Instructions to follow
Once you reach the line that holds "The Barista Pods Taster Pack" in the listing below, output it and every line after it through the line that holds "Radiant young woman", word for word.

Extracted information
■ ■ ■ ■ ■ ■ ■

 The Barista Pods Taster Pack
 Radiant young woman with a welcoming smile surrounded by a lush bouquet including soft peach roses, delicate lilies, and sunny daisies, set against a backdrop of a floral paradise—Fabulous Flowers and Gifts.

■ ■ ■ ■ ■ ■ ■

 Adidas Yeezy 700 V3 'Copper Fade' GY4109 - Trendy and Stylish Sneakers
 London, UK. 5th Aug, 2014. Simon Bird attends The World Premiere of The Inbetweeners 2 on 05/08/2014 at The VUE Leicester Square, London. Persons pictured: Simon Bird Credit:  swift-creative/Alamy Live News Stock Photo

■ ■ ■ ■ ■ ■ ■

Expected answer
 The Barista Pods Taster Pack
 Radiant young woman with a welcoming smile surrounded by a lush bouquet including soft peach roses, delicate lilies, and sunny daisies, set against a backdrop of a floral paradise—Fabulous Flowers and Gifts.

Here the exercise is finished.